• **Exercise brief**: Give the listing below again exactly, but without any of its pictures.

• **Data block**:
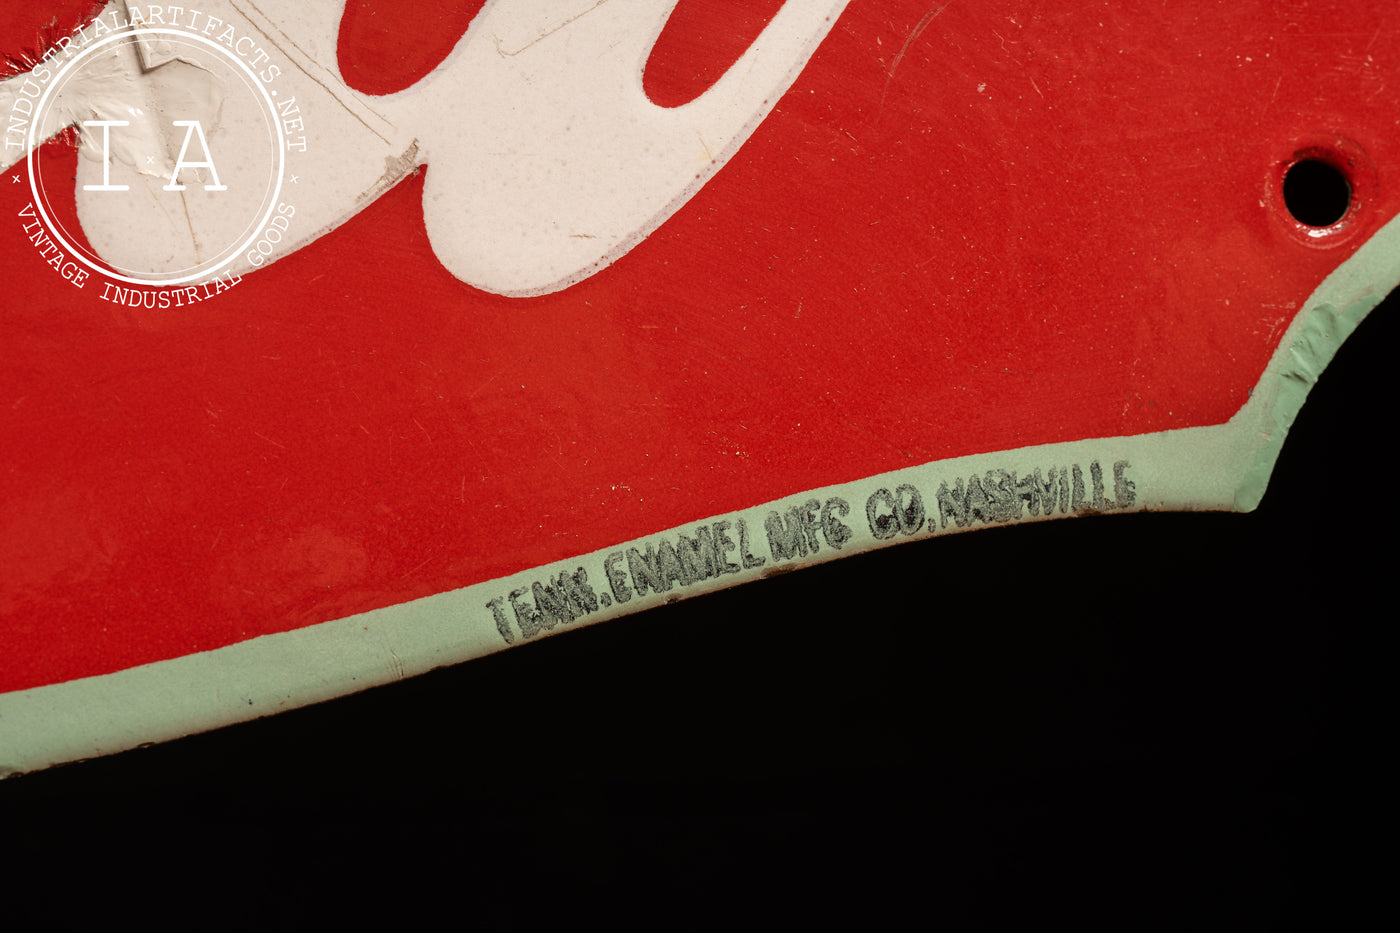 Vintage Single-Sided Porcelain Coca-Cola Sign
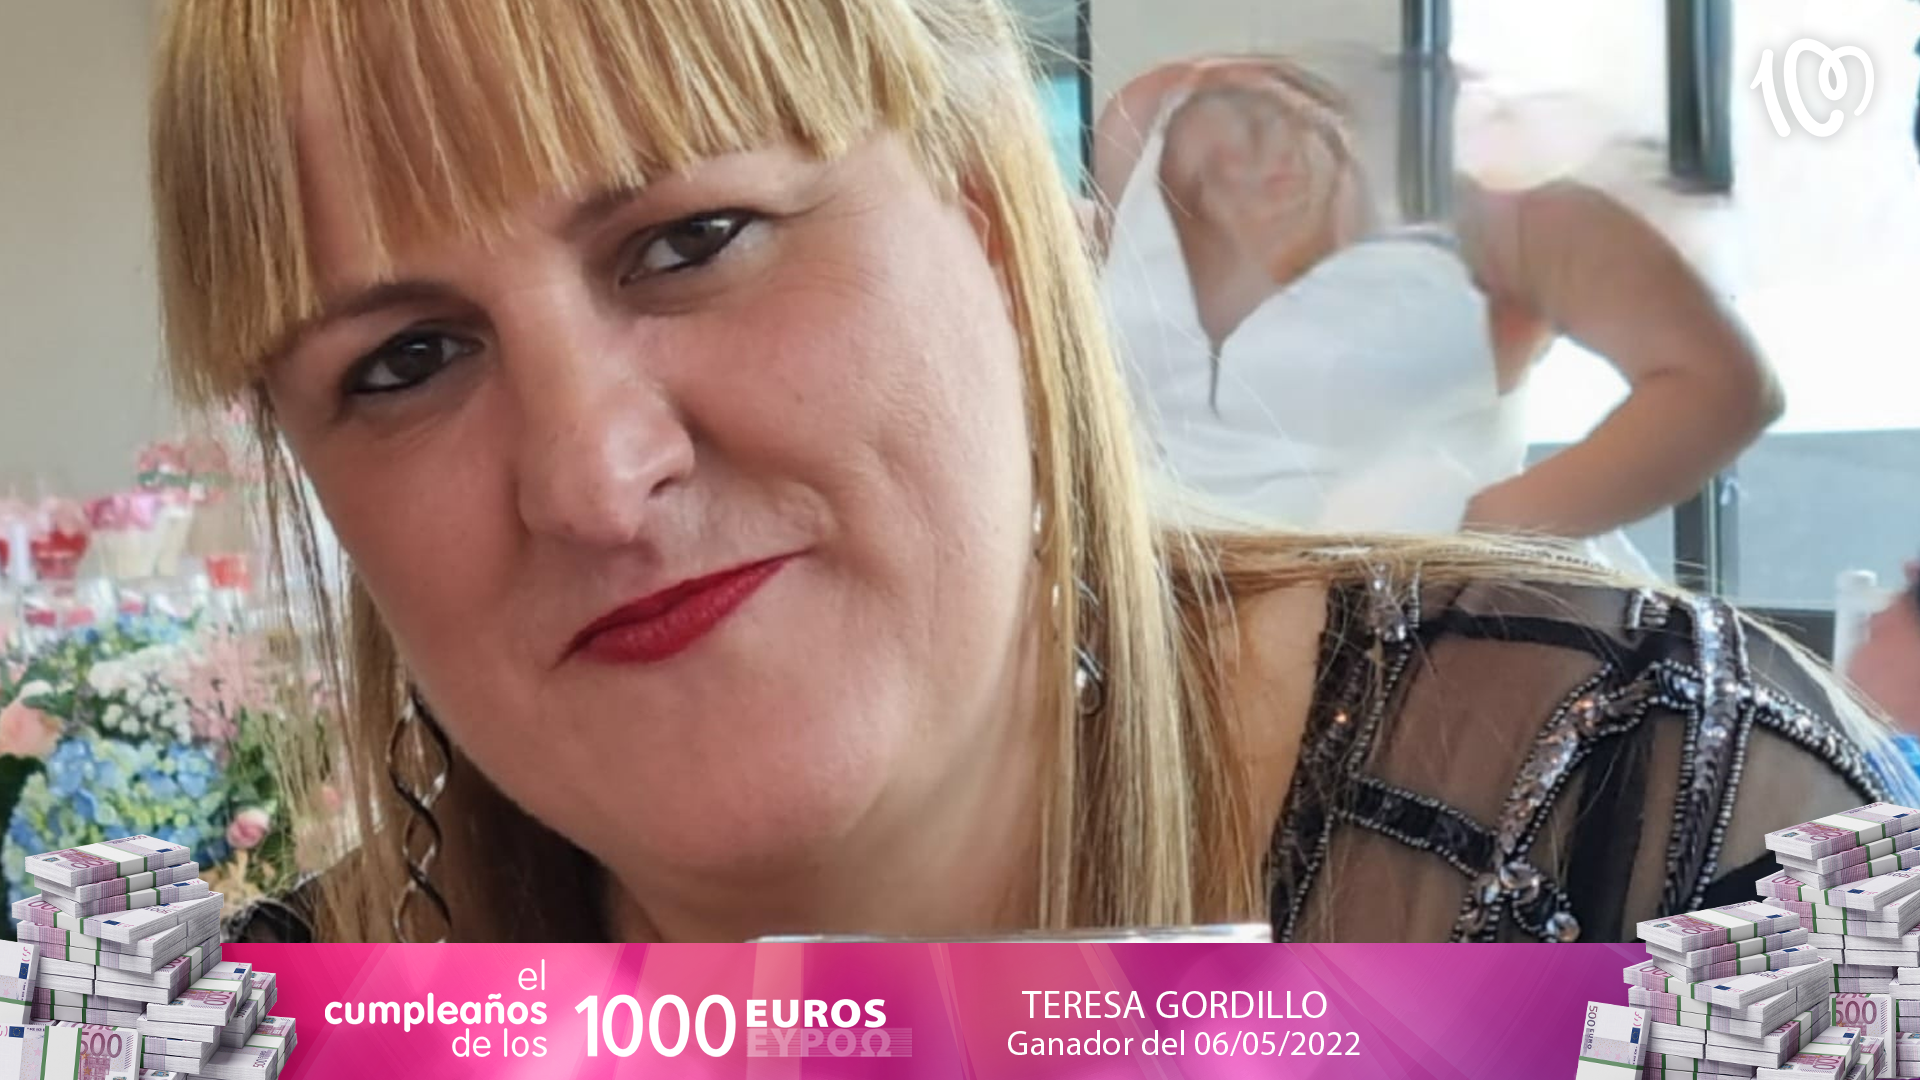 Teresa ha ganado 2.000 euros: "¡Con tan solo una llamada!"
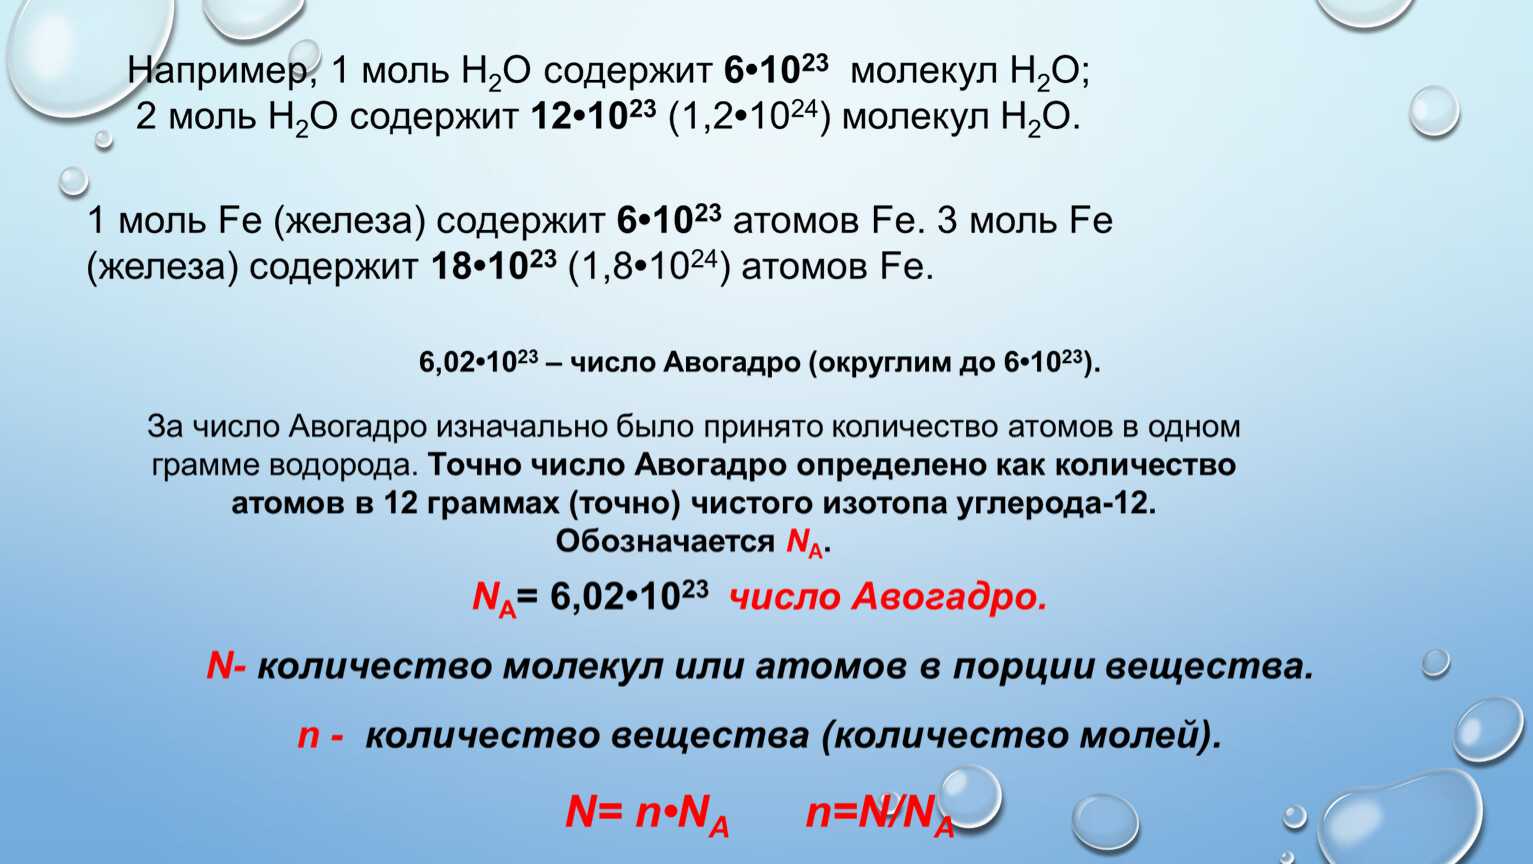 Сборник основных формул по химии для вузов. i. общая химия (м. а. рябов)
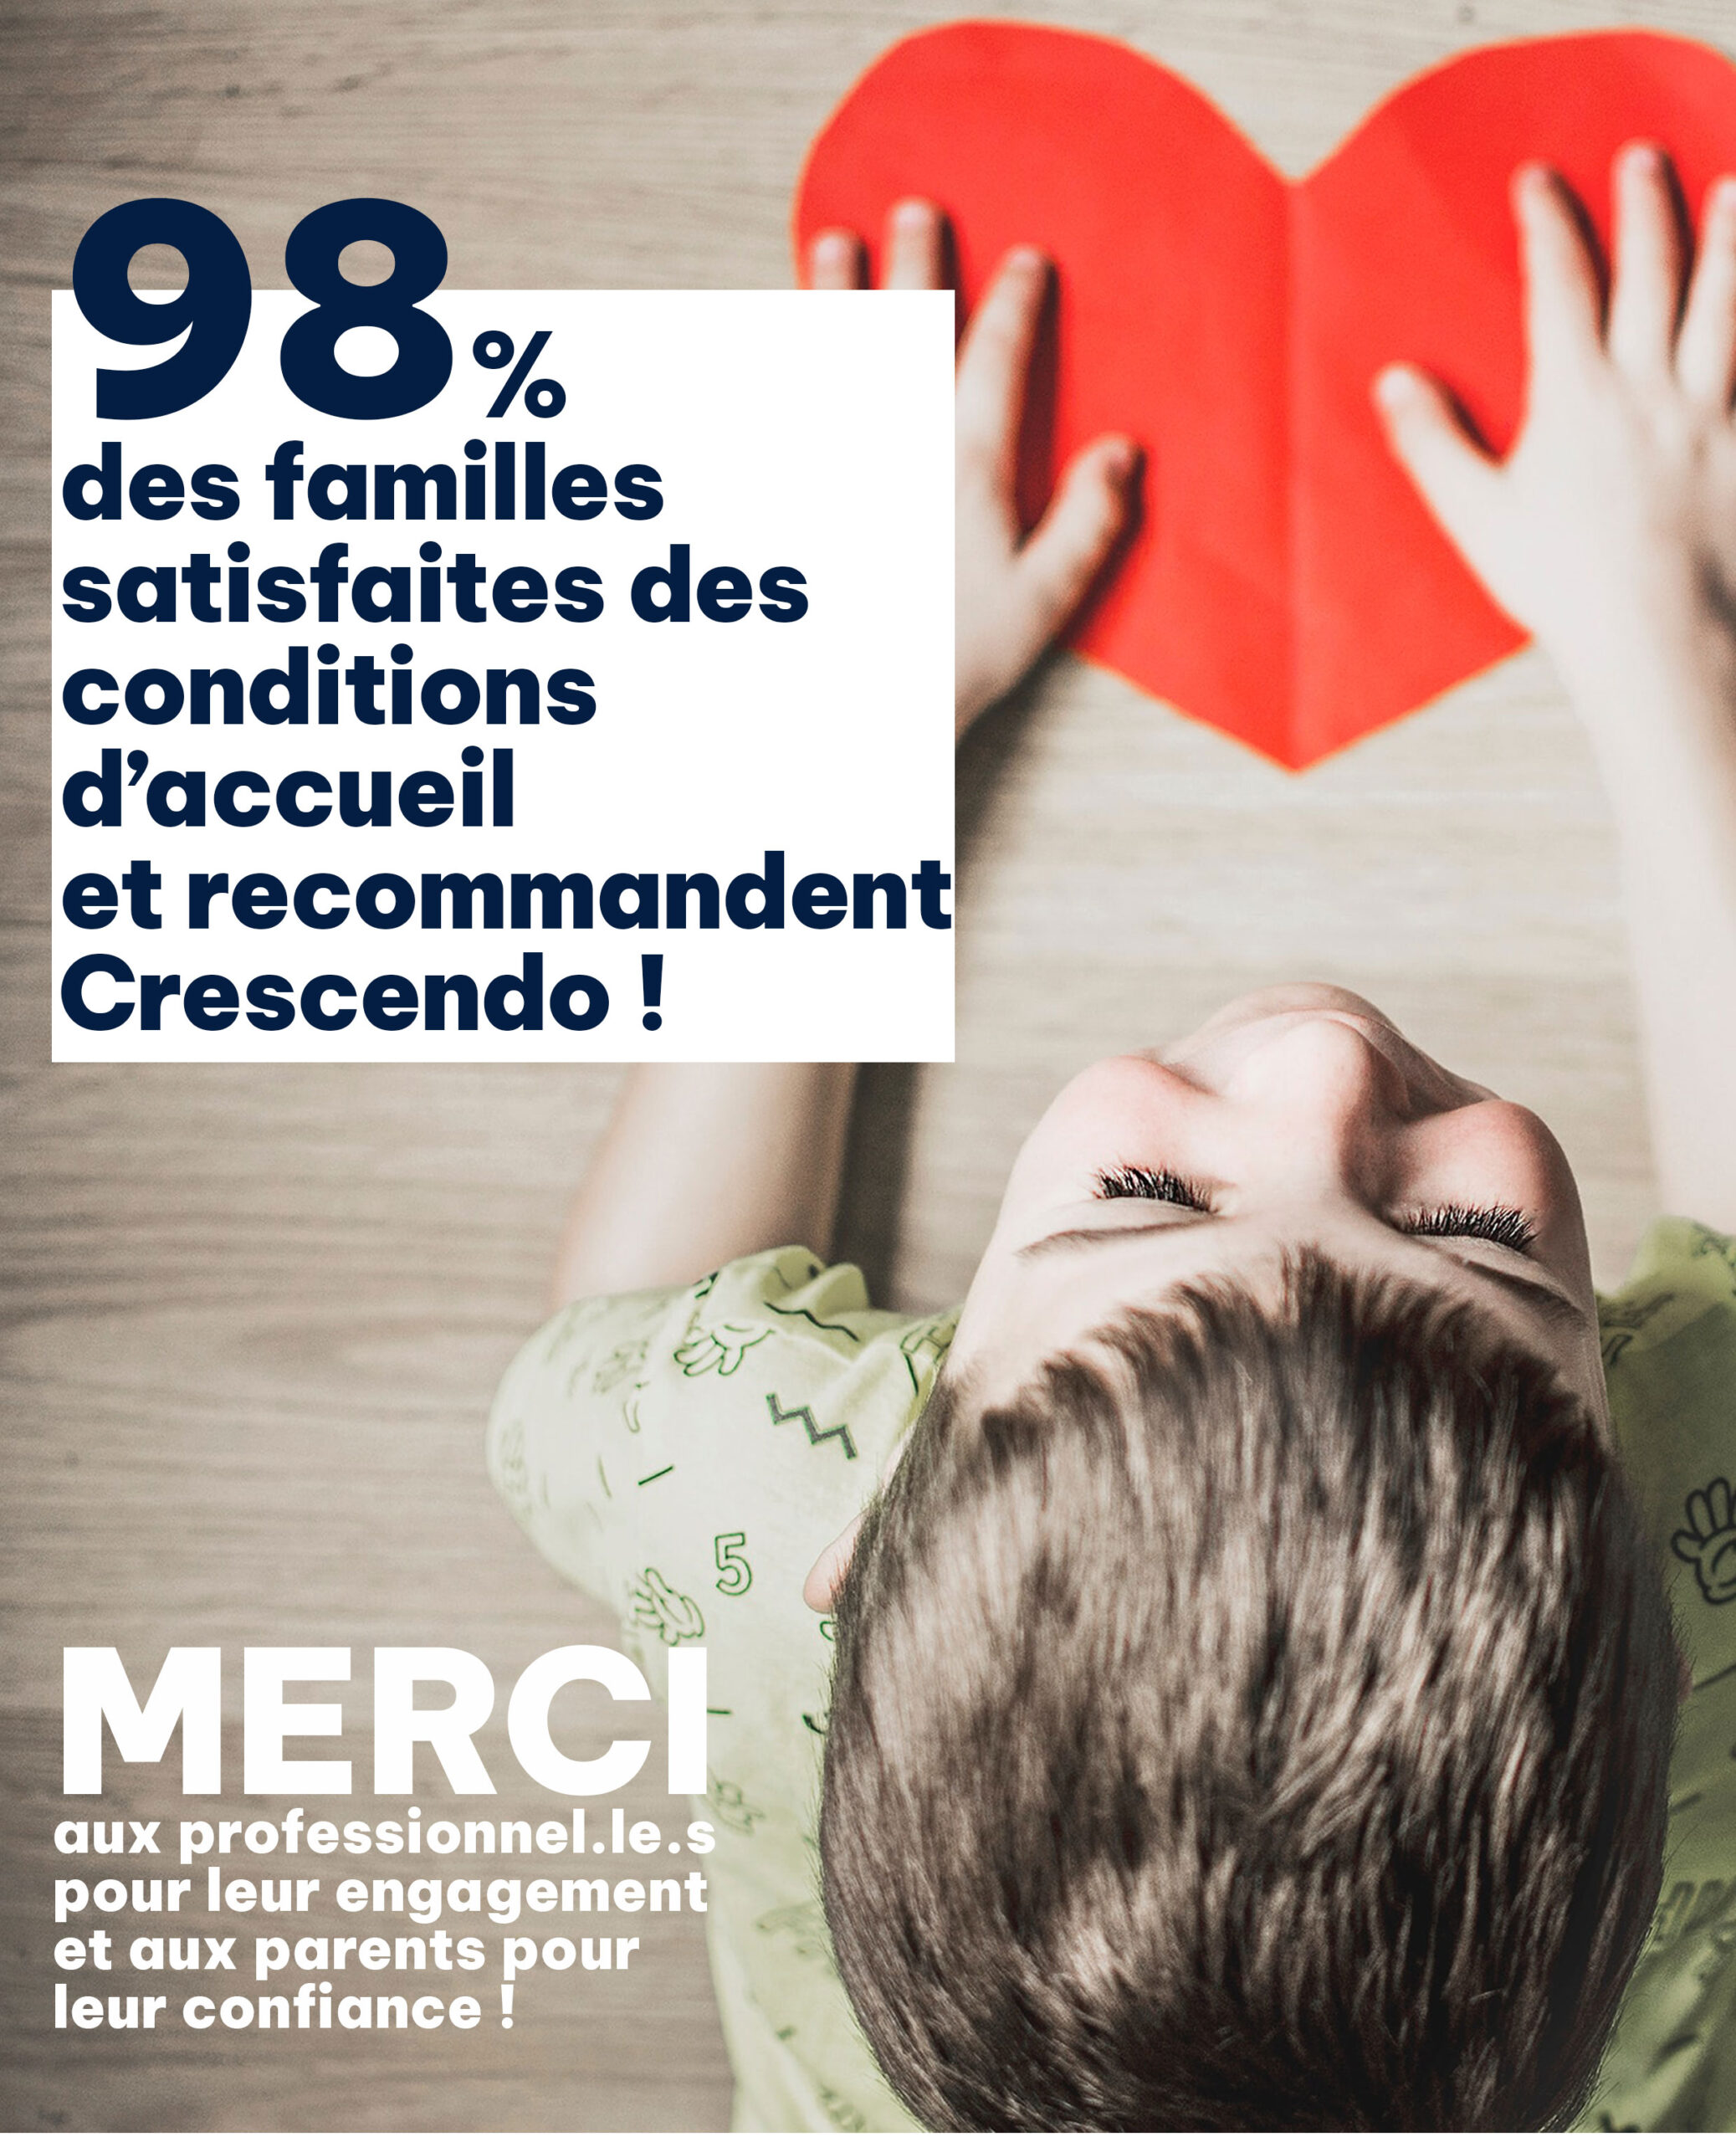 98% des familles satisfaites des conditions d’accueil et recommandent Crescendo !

• **Answer section**:
 Vintage Single-Sided Porcelain Coca-Cola Sign
 Teresa ha ganado 2.000 euros: "¡Con tan solo una llamada!"
 Сборник основных формул по химии для вузов. i. общая химия (м. а. рябов)
 98% des familles satisfaites des conditions d’accueil et recommandent Crescendo !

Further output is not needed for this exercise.